My first thought, honestly, was, "If we met in one of these nearby bars and I was sitting near him I wonder if Mercedes Man would take me home." By take me home I don't mean give me a ride home because I was having a medical emergency and needed a charitable favor, I'm talking about the other sinful kind of take me home, uh huh, now you're with me. Sort of an odd thought considering I am A. happily married and B. have never been taken home by anyone in a casual sort of way in my life. I looked down at myself in my petrified chicken nugget strewn minivan that looked like an explosion of Barney's playhouse. I noticed my yoga pants and stretchy top. My yoga pants were not the sexy Lululemon top of the line type, but the Target clearance rack specials, paired with a blue tank top I had had for years.
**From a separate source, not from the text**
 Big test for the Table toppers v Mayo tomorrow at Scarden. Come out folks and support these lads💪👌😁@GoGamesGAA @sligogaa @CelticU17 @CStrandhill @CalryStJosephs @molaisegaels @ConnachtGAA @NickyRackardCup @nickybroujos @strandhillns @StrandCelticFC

I sighed, disgusted with myself for even thinking about Mercedes Man in the first place, then I called some life lines.
The first friend I called listened to me recount my story, didn't even laugh and told me she experienced this kind of thing all the time. Although in addition to fantasizing about men with clean and tidy cars she also thought about the hotels with clean and tidy sheets they would take her to and the room service they would order. "Really, it's the clean car, room service and hotel I'm attracted to." she admitted. Then she laughed with me for being so ashamed.
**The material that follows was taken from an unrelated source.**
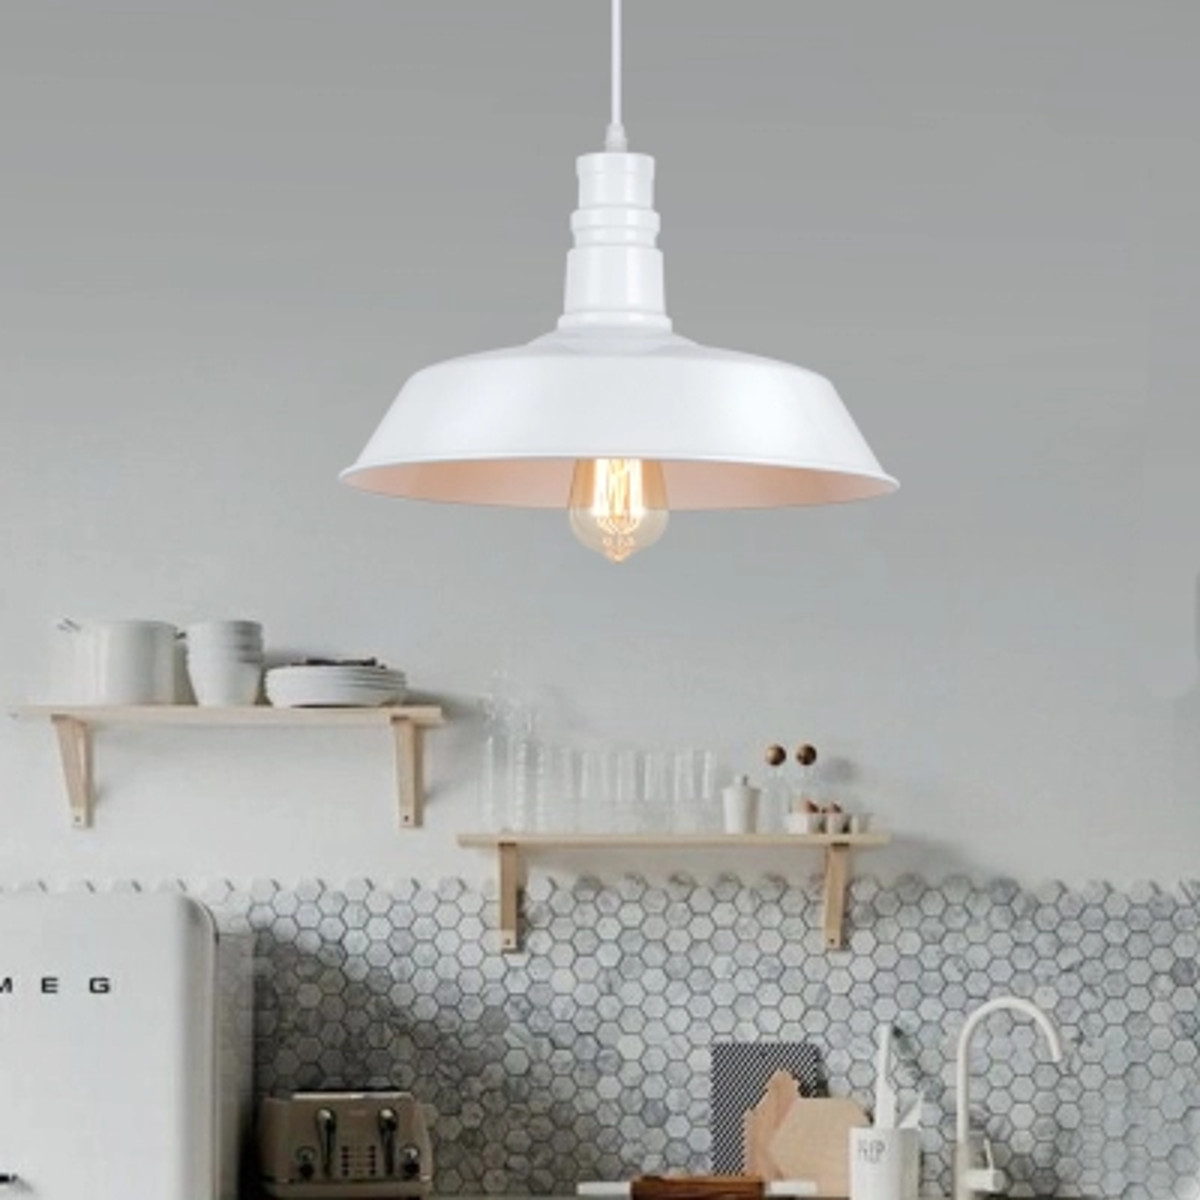 Modern-Industrial-Metal-Style-Ceiling-Pendant-Light-Lamp-Shades-Lampshade-Decor-1349402-6
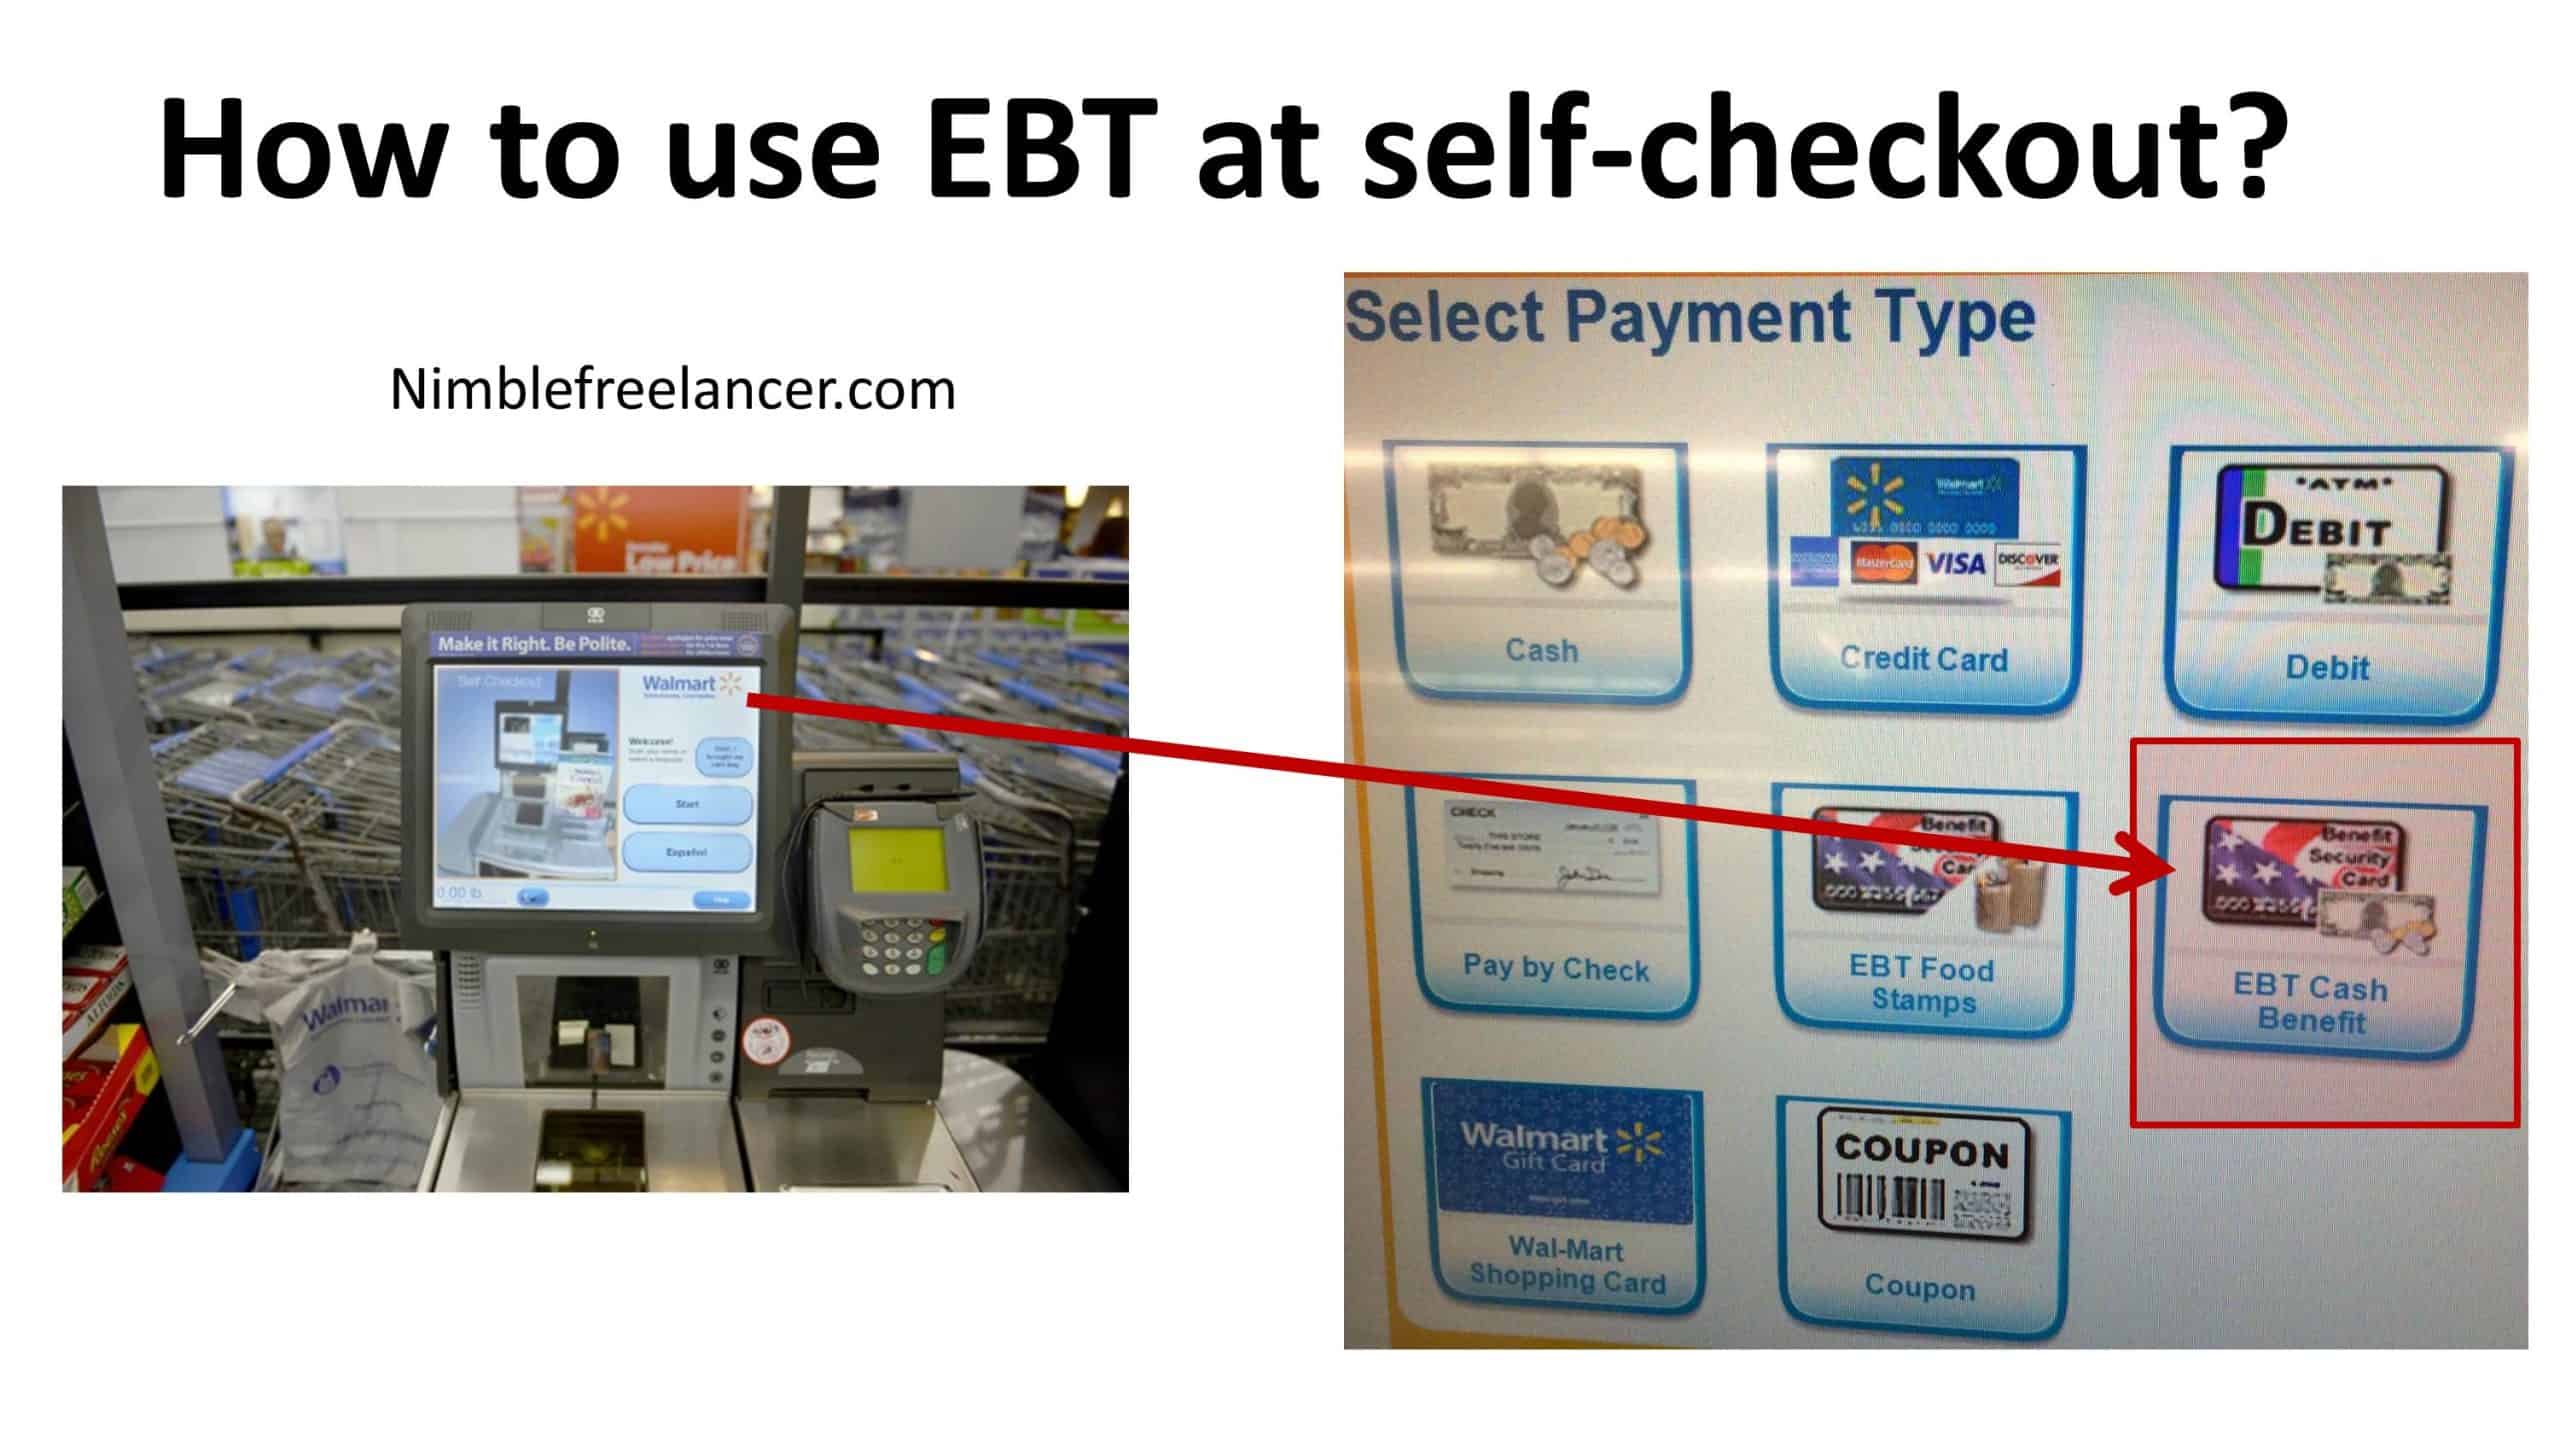 How to use EBT at self-checkout

With the next friend I called, I had a serious discussion about Mercedes Man, what my thoughts meant about me, my marriage and my satisfaction with my life. We talked about how hard it was to always be dirty, to have a filthy minivan full of crumbs and papers all the time. No time for makeup or hair, muffin tops spilling over our jeans, tankinis instead of bikinis, undergarments that suddenly were all beige and sensible. We talked about how our lives were so changed and unrecognizable. Mercedes Man, I knew, wasn't about an affair at all, it was about my sense of loss of myself. Who was I? Certainly a mom, but what about the person who fell in love with my husband, who himself was once a man terrified of minivans and meticulous about car care? How to reconcile the two? I knew the next step to take, but it would be the scariest.
I went home, put away the invites and waited for UberGeek to arrive. We did our evening family stuff, then put the kids to bed. Then I told him I had to tell him something; I told him everything. I told him about Mercedes Man, about my feelings of inadequacy and unattractiveness. How tired I was of trashy cars and a body I didn't always recognize as my own. Then I did some crying, Mercedes Man, you see, had nothing to do with UberGeek, and everything to do with me. I had been blessed with all that I had ever wanted, a wonderful husband, two kids, a great home, but I was struggling to reconcile that with the few comparatively small things that I had lost.
We figured it out that night, the two of us, together, and that's what makes our marriage.